Ricciardo did exactly that when he won the 2018 Monaco Grand Prix, and he even managed to retain the lead once the hybrid element of his engine failed and reduced his car’s power output by 160 brake horsepower.

He celebrated the win by belly flopping into the swimming pool on top of Red Bull’s hospitality unit, instantly creating one of the most iconic Monaco photos of recent years.

“Somebody asked me about that race the other day and they said: ‘It was probably the best day of your life, wasn’t it?

“I said that those moments in the pool probably were the best moments of my life, but the day itself sucked!

“I hated the day because it was just full of stress and anxiety.

“Qualifying is still the most stressful day [of a Monaco weekend], but if you put it on pole you still have the stress of ‘if I don’t convert this into a win, then I’ve done the worst thing you can do in Monaco because you have to convert from pole’.

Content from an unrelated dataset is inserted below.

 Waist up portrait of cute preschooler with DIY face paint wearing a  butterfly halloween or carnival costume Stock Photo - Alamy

“I remember [two-time Monaco winner] Mark Webber came up to me that day when I was eating lunch — and obviously he was not trying to add pressure, he was trying to give me advice — but during all those moments I was just like ‘f—!’.

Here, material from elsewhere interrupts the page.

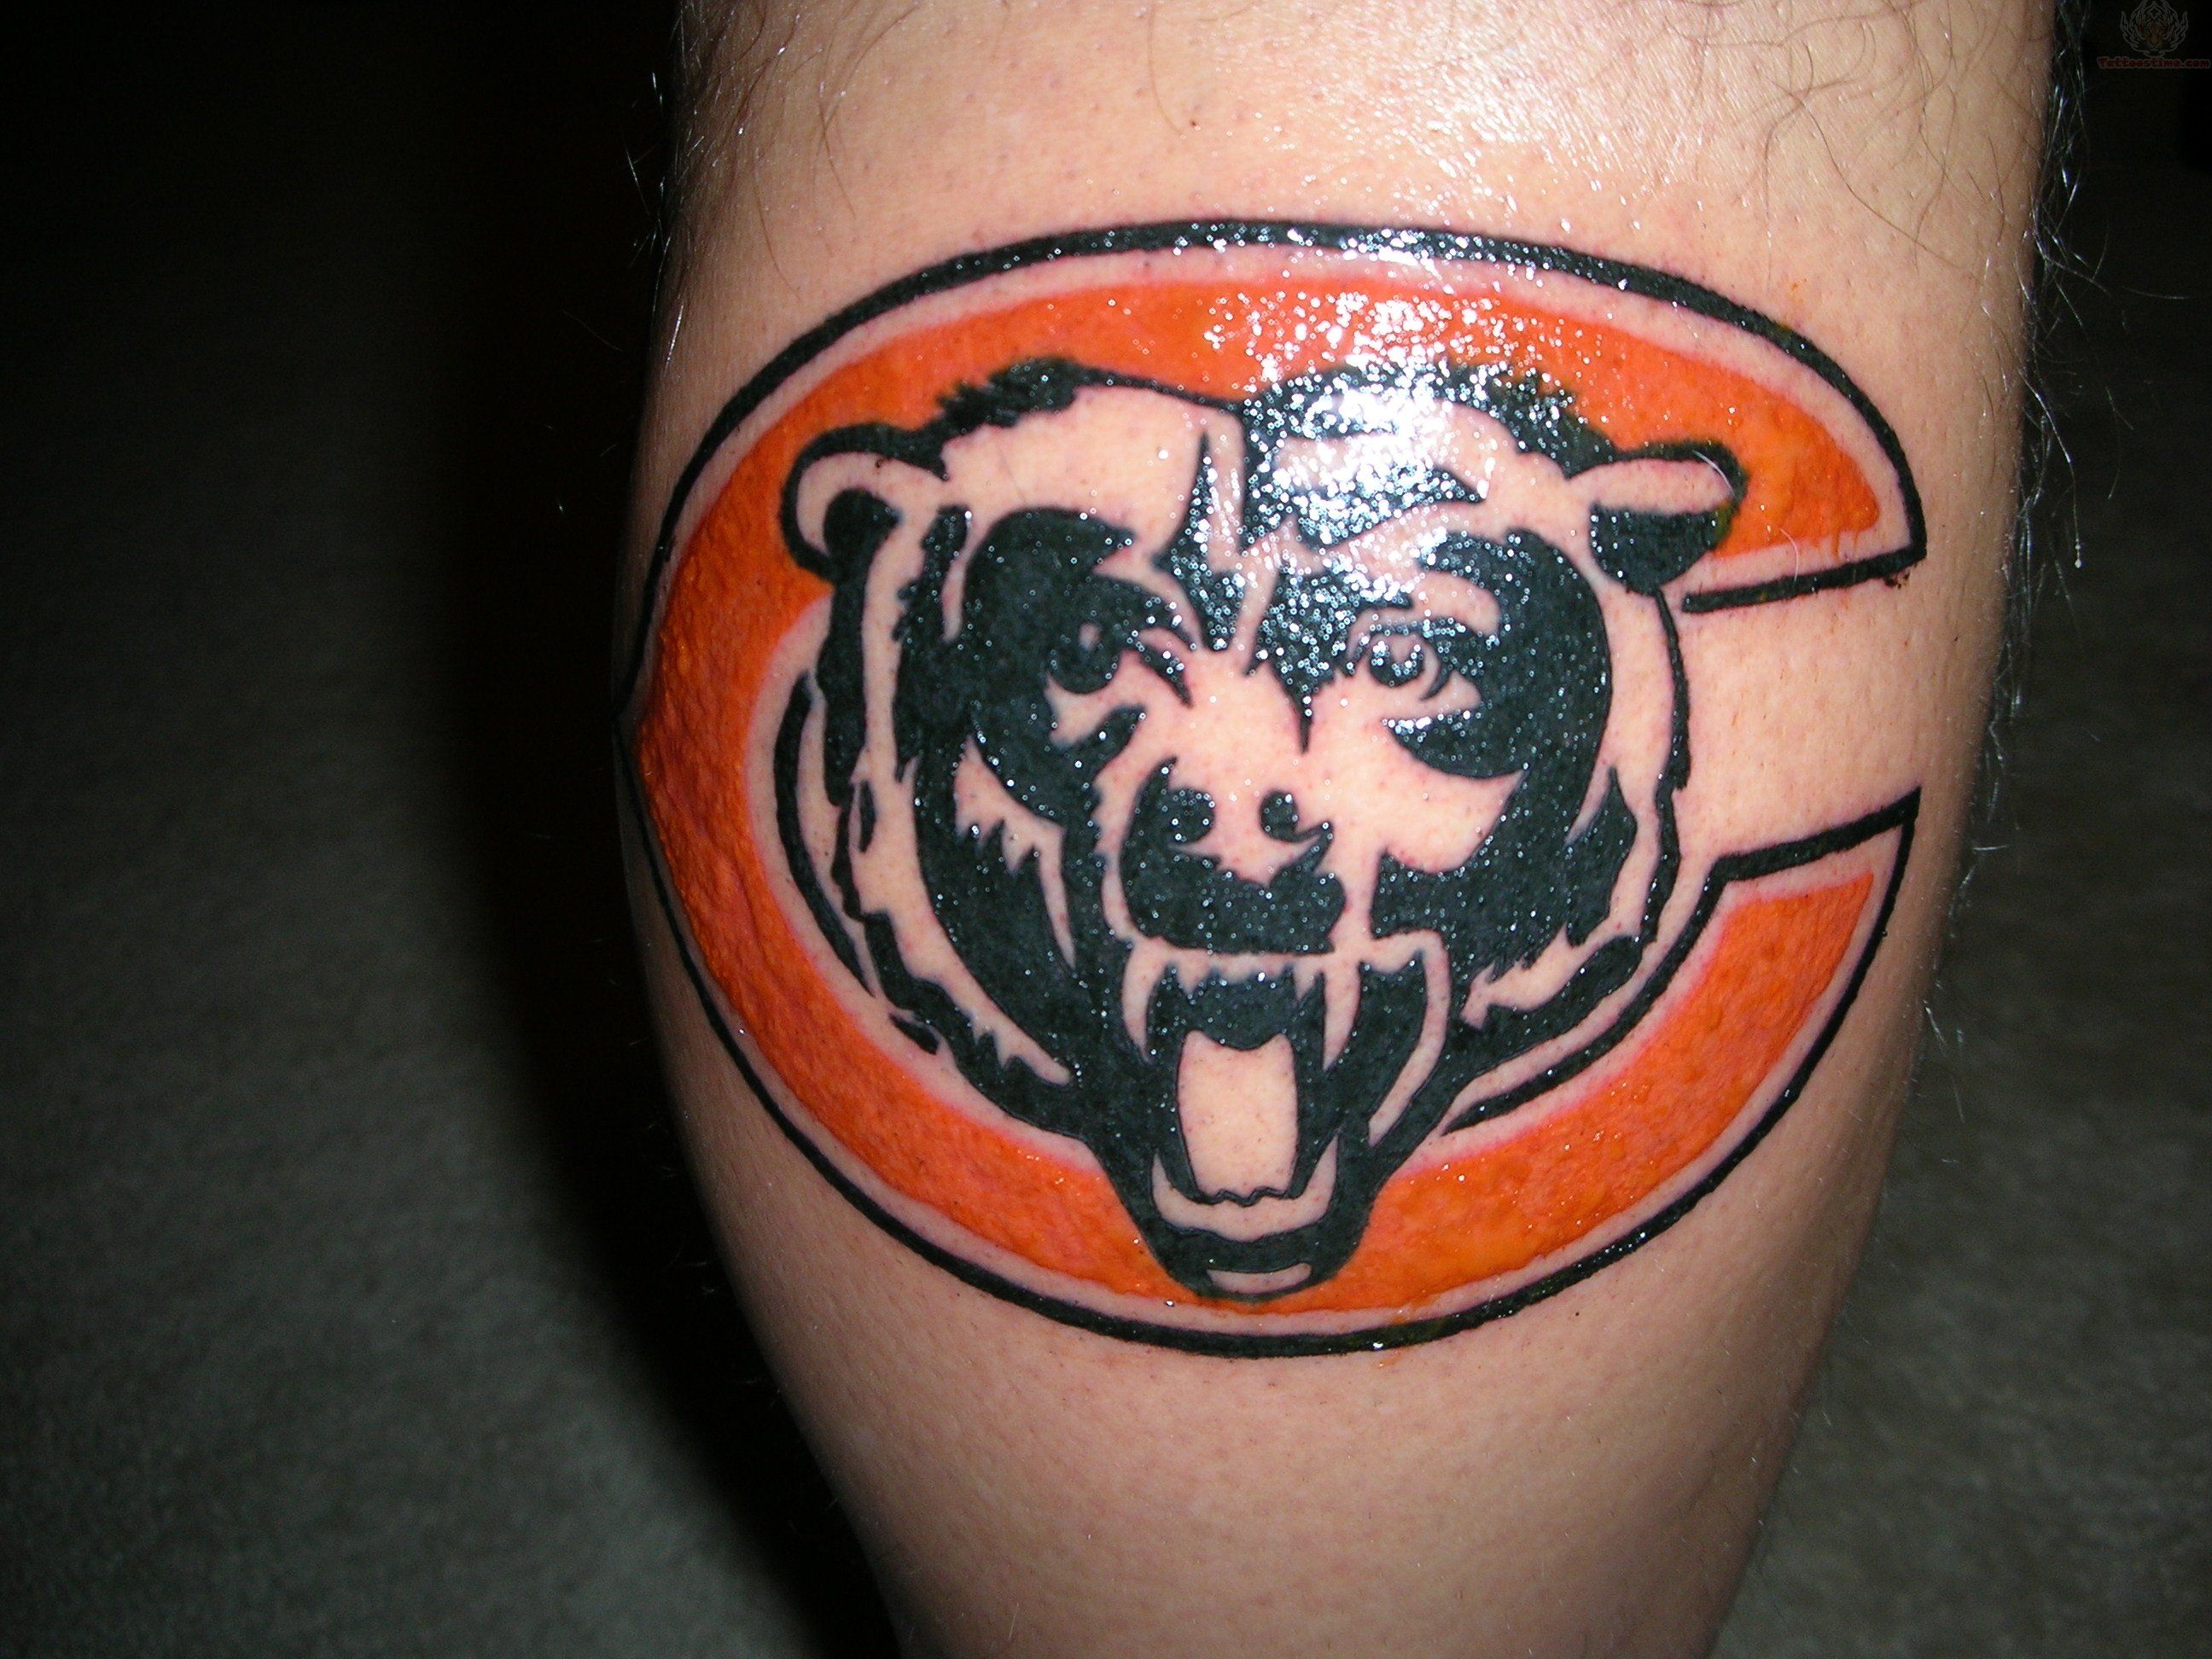 Chicago Bears Fan Tattoo – Loyalty is Everything

“I could really feel that everybody really wanted me to execute and to win, but I couldn’t escape anyone to focus on it.

“Even to the point that when I stopped on the grid after the formation lap and lined up in P1, I don’t know if it rained overnight, but there was still a little bit of water over by the inside barrier and I felt like I had parked the car too much on the right, and I felt like my right wheel was on a damp patch [which would impact the start].

“So even waiting on the grid for the other cars to get there, I was like ‘oh f—!’.

“Nothing about that race felt good other than leading into Turn 1.”

Even though there will be fewer fans and less atmosphere in the grandstands on Sunday, the racing at this year’s Monaco Grand Prix will be no different.

Whoever starts on pole position will likely have the same nerves, the same concerns on the grid and the same relief if they are still leading by the exit of Turn 1.

Despite a year’s absence and the presence of COVID protocols this weekend, the magic of Monaco is still here.